Анализ и систематизация характерологических черт ЭЯЛ и ЛЯЛ в аспекте речепостроения и выявления типичных коммуникативных сбоев — речевых ошибок / недочетов — в современных дискурсивных практиках показывает, что и тому и другому типу речевой культуры свойственно снижение уровня сформированности навыка целесообразного употребления заимствованных лексических единиц: влияние глобального английского языка (ЭЯЛ, как правило, владеет английским языком) приводит к сложностям поиска замены англицизма / американизма русским аналогом. Для ЛЯЛ помимо того характерно и снижение уровня владения изобразительно-выразительными средствами языка и основными способами жанрово-стилистического оформления текста, что является маркером наличия высшего/среднего образования.

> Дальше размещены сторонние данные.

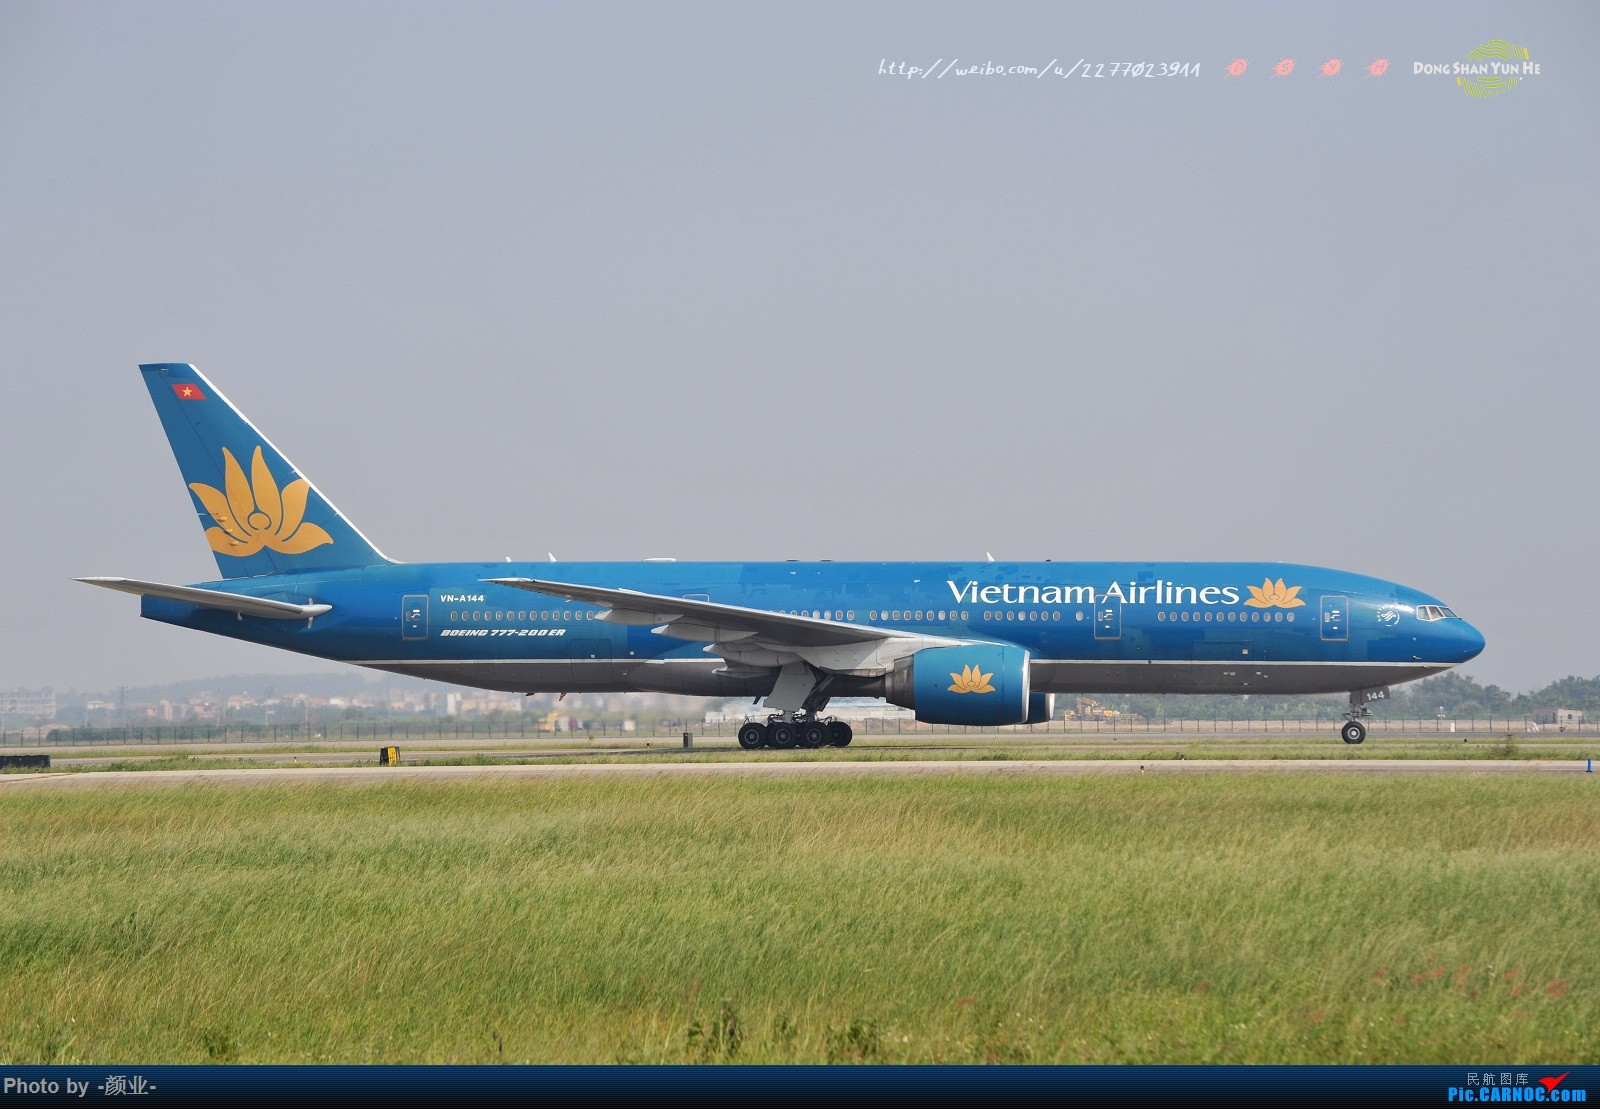 Re:[原创]ZGGG(广州CAN)的波音777系列-继续更新 BOEING 777-200 VN-A144 中国广州白云国际机场

Таким образом, ЯЛРКР, описывающаяся принадлежностью к одному из пяти типов речевой культуры (в рамках настоящей статьи представлены только два), есть совокупность создаваемых ею речевых продуктов, актуализирующих специфичность поведения конкретного субъекта речи. При этом наиболее значимыми факторами следует считать причины и механизмы формирования «отклонений» от кодифицированной русской письменной речи: специфика современной русскоязычной коммуникативной среды как источника развития ЯЛРКР «причудливым» образом определяет вектор развития коммуникативной компетентности субъектов речи, — либо направляя в сторону элитарной речевой культуры, либо актуализируя типичные признаки культуры литературно-разговорной. Соответственно, ЛЯЛ может в одних коммуникативных интеракциях демонстрировать признаки ЭЯЛ, в других же — характеризоваться как представитель среднелитературного типа, а с течением времени может полностью «преобразоваться» в более высокий или низкий тип речевой культуры. Данный факт, с нашей точки зрения, свидетельствует об определенной «нестабильности» ЯЛРКР с позиций ее отнесенности к конкретному типу речевой культуры на протяжении времени, что требует как дальнейшего развития технологий оценивания уровня компетентности ЯЛРКР, так и фиксации данных преобразований в параметрическом измерении.
[1] См. работы А.А. Ворожбитовой, С.И. Виноградова, В.В. Дружининой, Е.А. Земской, И.А. Иванчук, Ю.Н. Караулова, Т.В. Кочетковой, А.В. Курьянович, Л.П. Крысина, З.Д. Поповой, Т.В. Романовой, О.Б. Сиротининой, И.А.Стернина и др.